Experiment Class¶
gaico.Experiment ¶
An abstraction to simplify plotting, applying thresholds, and generating CSVs for comparing LLM responses against reference answers using various metrics.
__init__ ¶
__init__(llm_responses, reference_answer)
Initializes the Experiment.
Parameters:
Name | Type | Description | Default |
---|---|---|---|
llm_responses
|
Dict[str, Any]
|
A dictionary mapping model names (str) to their generated outputs (Any). |
required |
reference_answer
|
Optional[Any]
|
A single reference output (Any) to compare against.
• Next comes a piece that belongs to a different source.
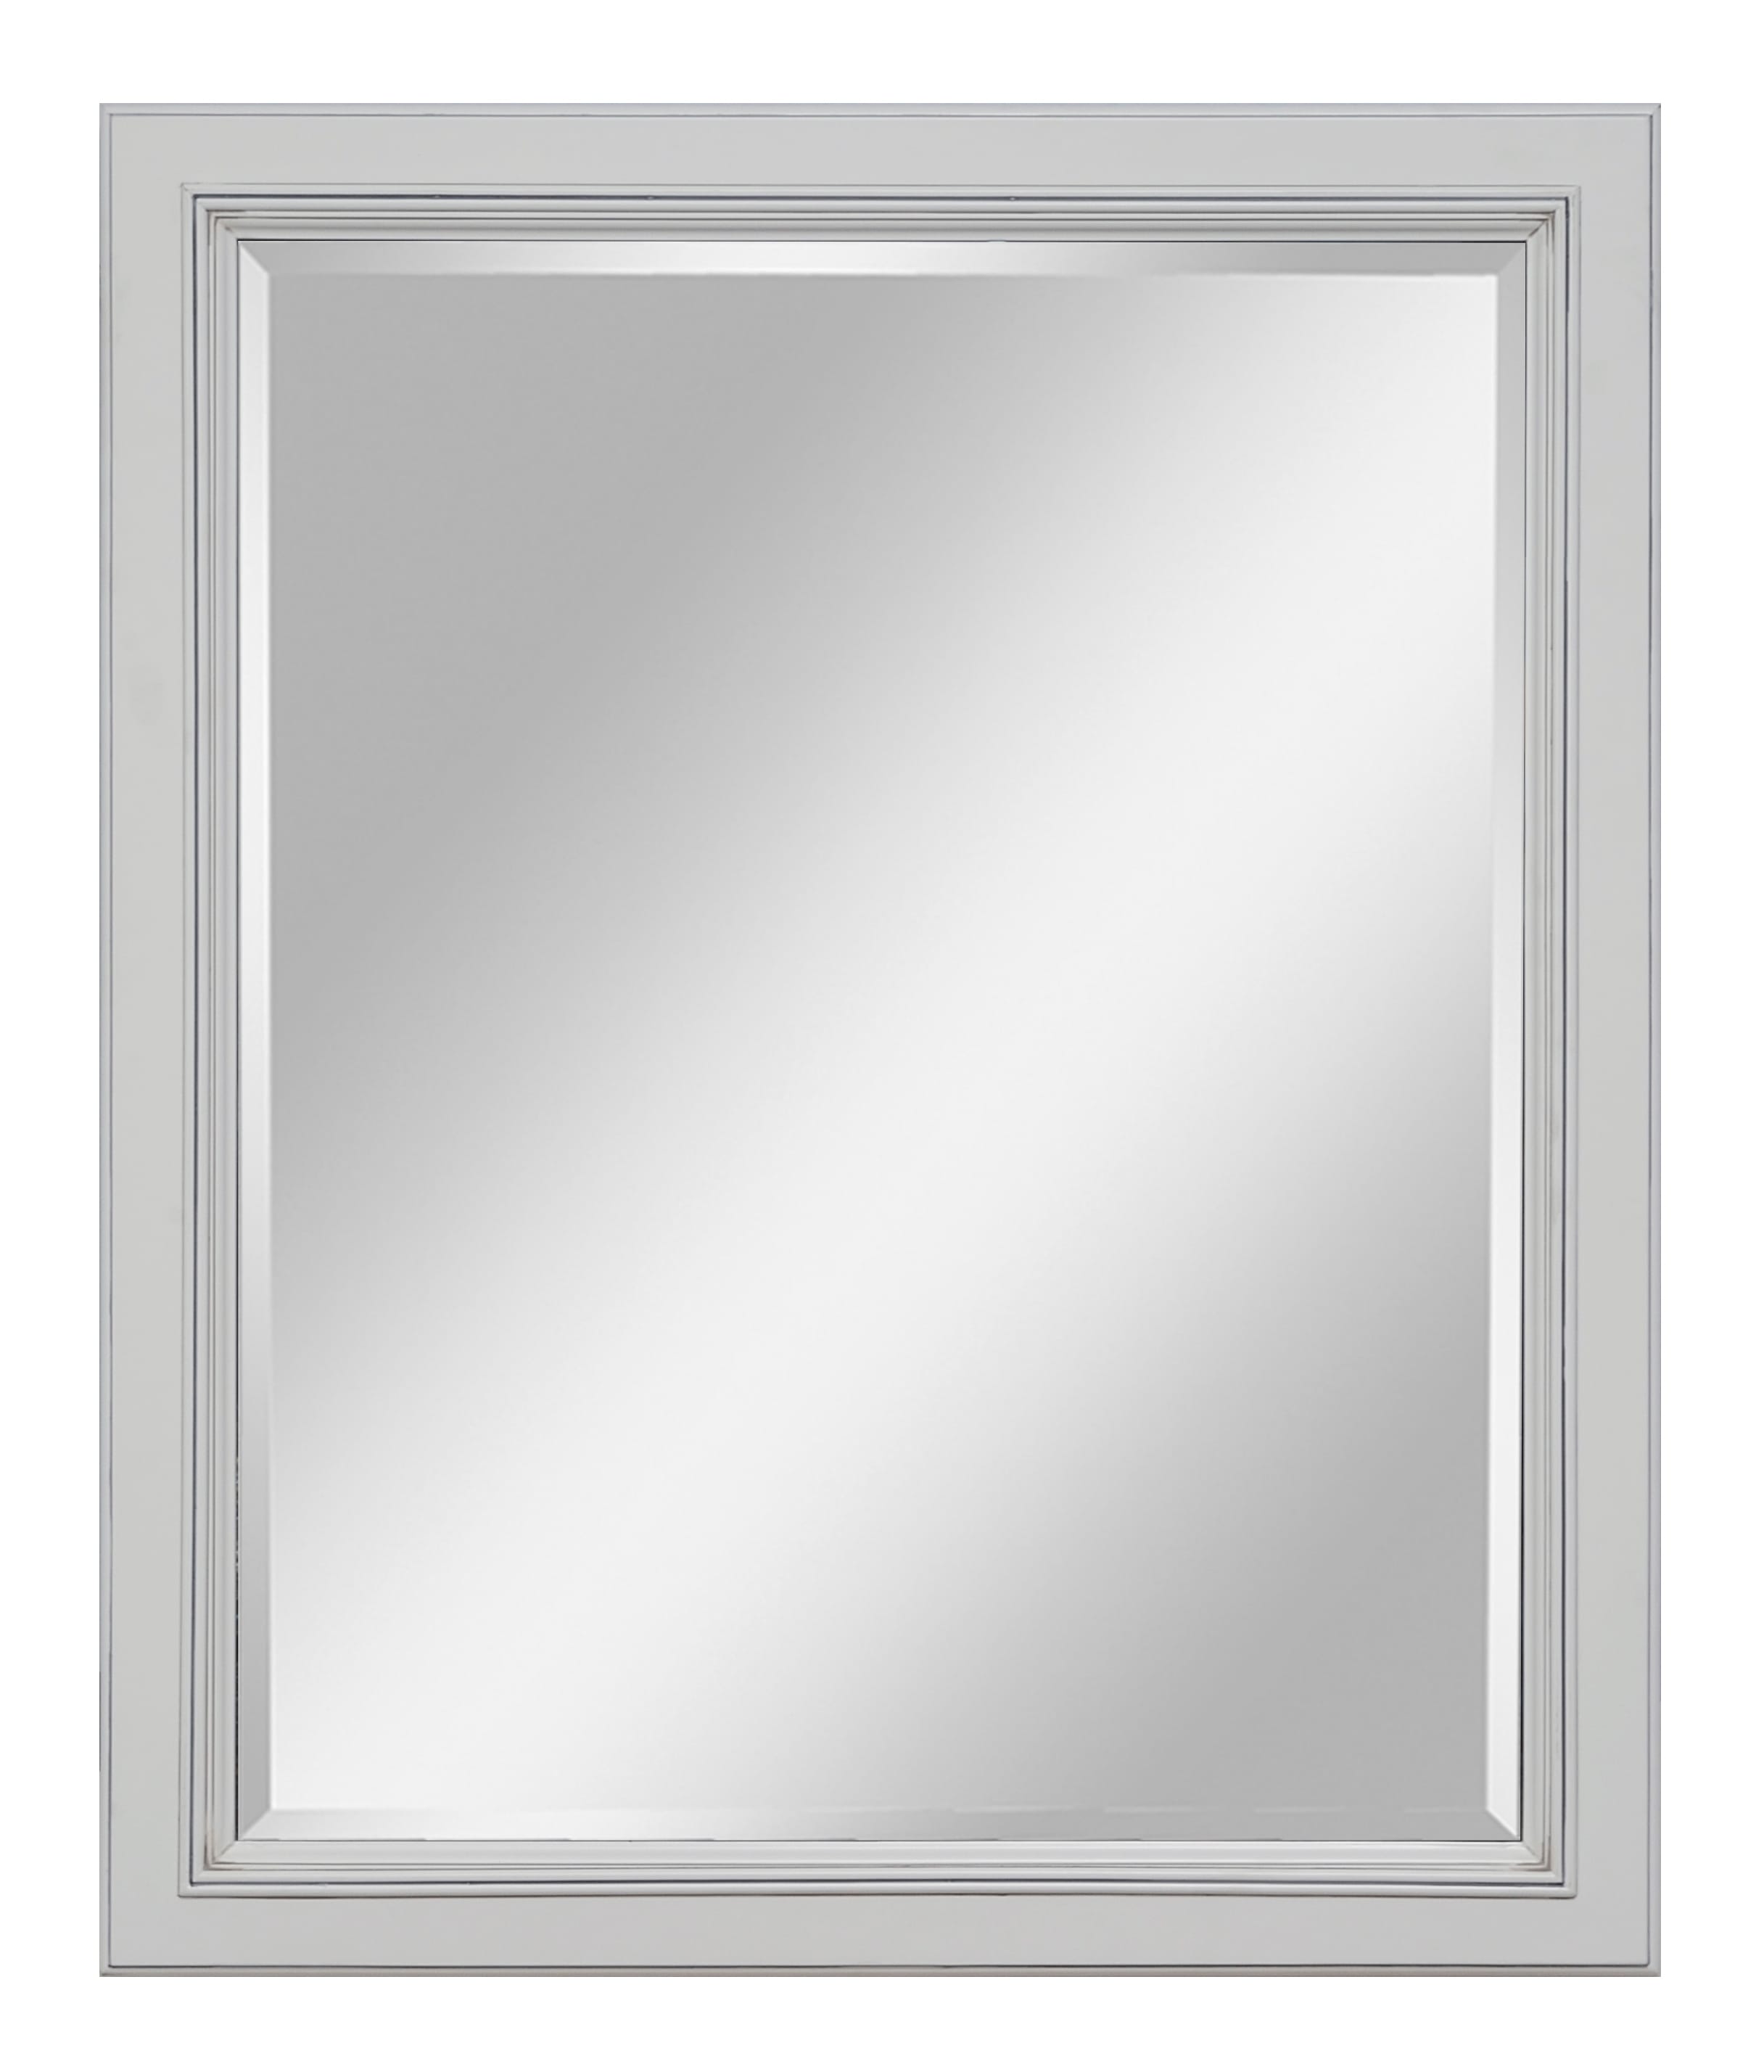 Sunny Wood Rl3036mr Fresh White With, White Framed Bathroom Mirror 30 X 36

If None, the output from the first model in |
required |
Raises:
Type | Description |
---|---|
TypeError
|
If llm_responses is not a dictionary. |
ValueError
|
If llm_responses does not contain string keys, or if it's empty when reference_answer is None. |
to_dataframe ¶
to_dataframe(metrics=None)
Returns a DataFrame of scores for the specified metrics. If metrics is None, scores for all default metrics are returned.
Parameters:
Name | Type | Description | Default |
---|---|---|---|
metrics
|
Optional[List[str]]
|
A list of base metric names (e.g., "Jaccard", "ROUGE"). Defaults to None. |
None
|
Returns:
Type | Description |
---|---|
pd.DataFrame
|
A pandas DataFrame with columns "model_name", "metric_name", "score". "metric_name" will contain flat metric names (e.g., "ROUGE_rouge1"). |
compare ¶
compare(metrics=None, plot=False, custom_thresholds=None, output_csv_path=None, aggregate_func=None, plot_title_suffix='Comparison', radar_metrics_limit=12)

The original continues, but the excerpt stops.